Deux étudiantes, premières au Concours Pierre-Basile-Mignault
Plaideuses de choc
Deux étudiantes de la Faculté de droit ravissent les
premières places au Concours Pierre-Basile-Mignault.
Lorsqu'elles montent sur les planches du tribunal pour plaider une cause,
Annie Blanchard et Andrée-Anne Gagnon éprouvent des sentiments
similaires à ceux que peuvent ressentir deux comédiennes juste
avant d'entrer en scène. Malgré le fait qu'elles «répètent»
depuis des semaines, le trac les ronge jusqu'à la moelle des os et
leur coeur bat la chamade.
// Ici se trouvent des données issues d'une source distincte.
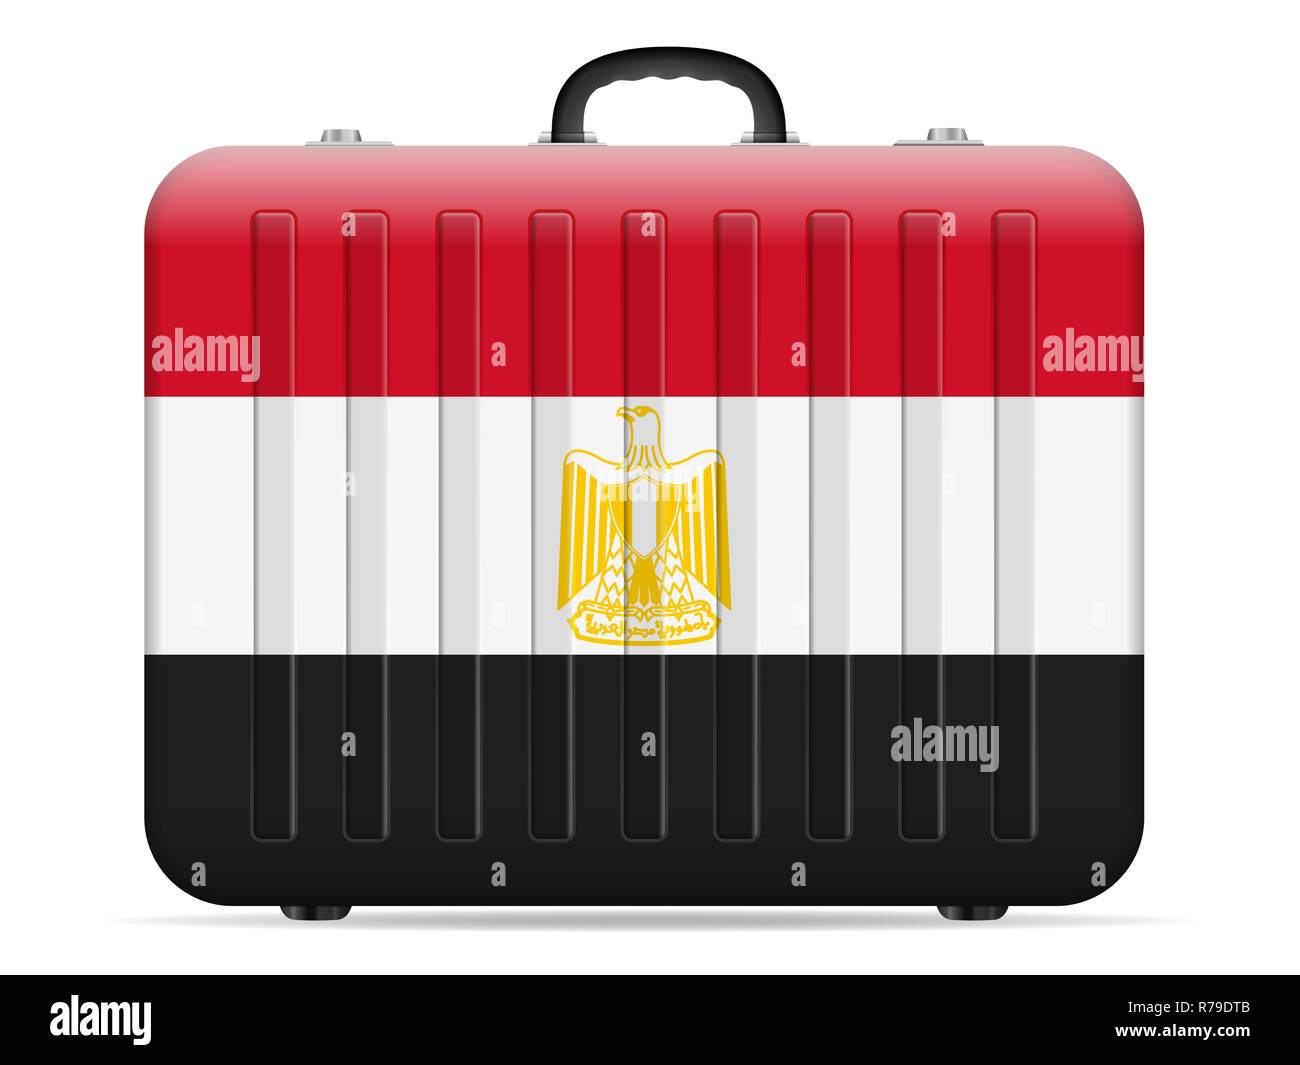 e031c36d9 Egipto bandera maleta de viaje sobre un fondo blanco. Ilustración vectorial.  Imagen De Stock

L'espace d'un moment, ces futures avocates doutent
de leur capacité à livrer le message, puis tout s'éclaire
au lever du rideau. Leur seule et unique mission consiste alors à
convaincre le juge qu'elles ont raison sur la cause débattue en cour.
«La plaidoirie, c'est la cerise sur le sundae, la récompense
ultime, le raffinement porté à son comble», font valoir
Annie Blanchard et Andrée-Anne Gagnon, deux étudiantes de
la Faculté de droit ayant respectivement remporté les prix
de premier et de deuxième plaideur-plaideuse au Concours de plaidoirie
Pierre-Basile-Mignault qui a eu lieu en janvier. Outre l'Université
Laval, six facultés de droit formant les juristes de droit civil
y participaient: l'Université McGill, l'Université de Montréal,
l'Université d'Ottawa (section de droit civil), l'Université
de Sherbrooke et l'UQAM, où s'est déroulé le concours.
La cause en appel à défendre était la suivante: un
homme a utilisé des informations confidentielles obtenues lors de
négociations pour acheter des terrains que la partie avec laquelle
il négociait voulait également acquérir. Formant le
tandem intimé, c'est-à-dire la partie appuyant le jugement
de première instance, les deux étudiantes de la Faculté
de droit de l'Université Laval avaient pour adversaires le tandem
intimé de l'Université de Sherbrooke.
La pointe de l'iceberg
«Derrière la plaidoirie se cache tout un travail de recherche,
souligne Annie Blanchard. Nous devions rédiger un mémoire
qui constitue en quelque sorte la base de la plaidoirie, d'où la
nécessité de lire sur une foule de sujets, en l'occurrence
la notion de bonne foi, les abus de droit, la question du soulèvement
du voile corporatif et j'en passe. Parfois, nous pouvions nous pencher pendant
une quinzaine d'heures sur une question, avant de nous apercevoir que cela
n'ajoutait rien à notre travail.»
Après bien des nuits blanches, Annie et Andrée-Anne finissent
par accoucher de leur mémoire, non sans l'avoir remanié à
cinq ou six reprises, constamment soutenues dans leurs efforts par Marie-France
Chabot, responsable de formation pratique à la Faculté de
droit et Sylvette Guillemard, chargée de cours. N'ayant jamais suivi
de cours de plaidoirie, ces avocates en herbe ont appris l'abc de l'art
de plaider (à quatre semaines du Concours), enchaînant pratique
sur pratique devant un auditoire constitué de professeurs et de juges,
éliminant les gestes et attitudes qui peuvent indisposer un juge
comme un ton de voix trop élevé, un maintien inadéquat
ou un comportement arrogant. Avec humour, elles rappellent ce moment où,
gagnées par la fatigue et la nervosité, elles ont nommé
les juges «Vos Compagnies» au lieu de «Vos seigneuries».
«Plaider, ce n'est pas comme réciter un texte, explique Andrée-Anne
Gagnon. Les juges nous interrompent fréquemment afin de voir s'il
existe des failles dans l'argumentation. En plus de pouvoir répondre
clairement aux questions, il faut être capable de reprendre le fil
de nos idées.» «Quand on écrit, on peut toujours
se reprendre. En revanche, il n'existe pas de deuxième chance quand
on parle, indique pour sa part Annie Blanchard. En fait, la meilleure plaidoirie
au monde ne sert à rien si on ne réussit pas à séduire
le juge et à le convaincre qu'on a raison.»